En principio, uno puede preguntarse por qué razón Ward no habría de tomar algo de Hegel. Un motivo es que a pesar de la amplia gama de lec­turas durante su trabajo como especialista en botánica en museos de Washington, lejos de cualquier universidad, difícilmente Hegel hubiera sido el más obvio de los placeres. Otra, más significativa, es que incluso si Ward hubiera leído a Hegel y hablado con otros sobre él, habría percibido y sin duda habría llegado a aceptar que la clase de pensamiento de Hegel era exactamente lo que el pensamiento progresista no requiere.

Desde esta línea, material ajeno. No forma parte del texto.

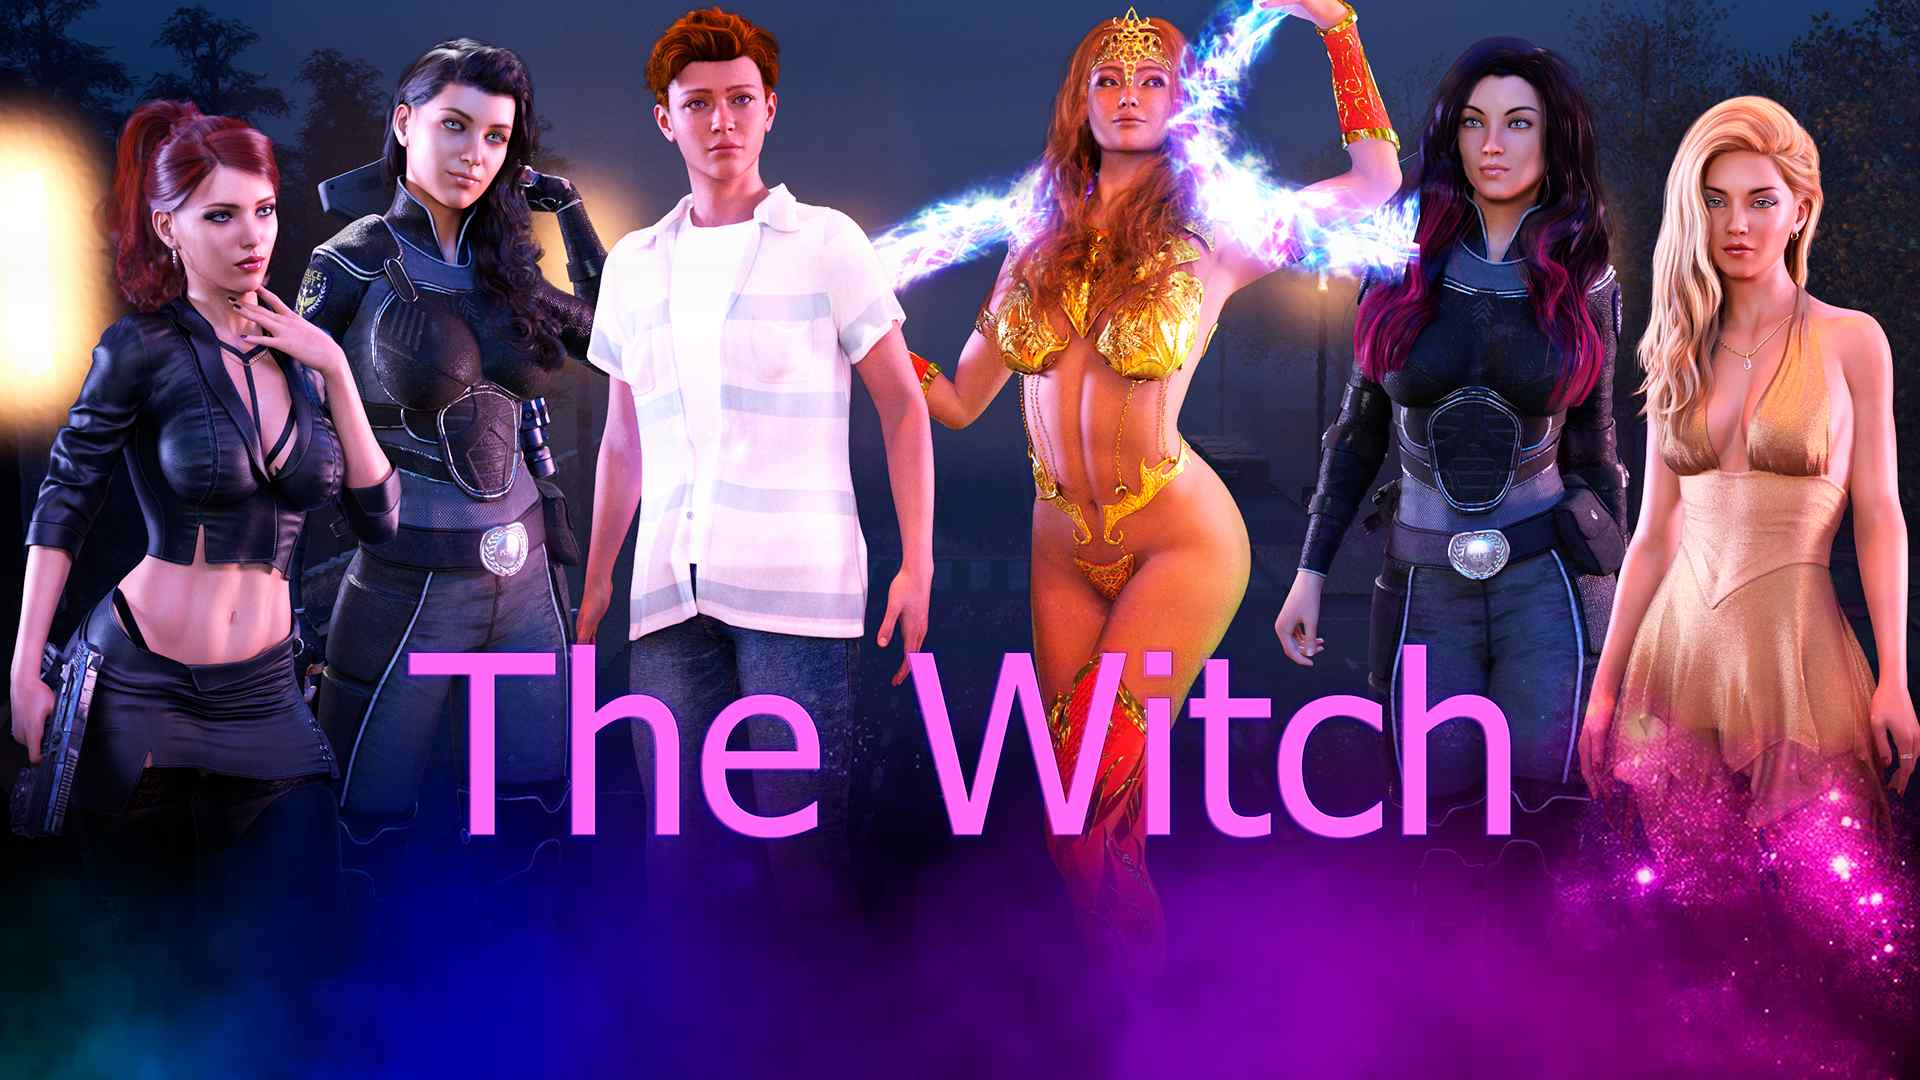 The Witch [Allion_Ell] Adult xxx Game Download

En medio del conjunto de cambios intelectuales que ocurrían en los Estados Unidos, dentro de los que la sociología era apenas una instancia, cambios que Morton White describió como "la rebelión contra el formalis­mo", había una creciente aversión filosófica hacia el idealismo trascen­dental imperante en las viejas facultades y, de este modo, entre otros hacia Hegel, que era enseñado (si es que era enseñado en alguna medida sistemáticamente) como si fuera un benévolo y confortablemente difuso republicano de puntos de vista moderados. Los filósofos más jóvenes estaban llegando a adoptar gradualmente lo que William James popula­rizó en una conferencia dada en California en 1908 como el punto de vista "pragmático" y esto, que por consiguiente afectó a otros, constituyó la segunda y mucho más exhaustiva subversión de Spencer.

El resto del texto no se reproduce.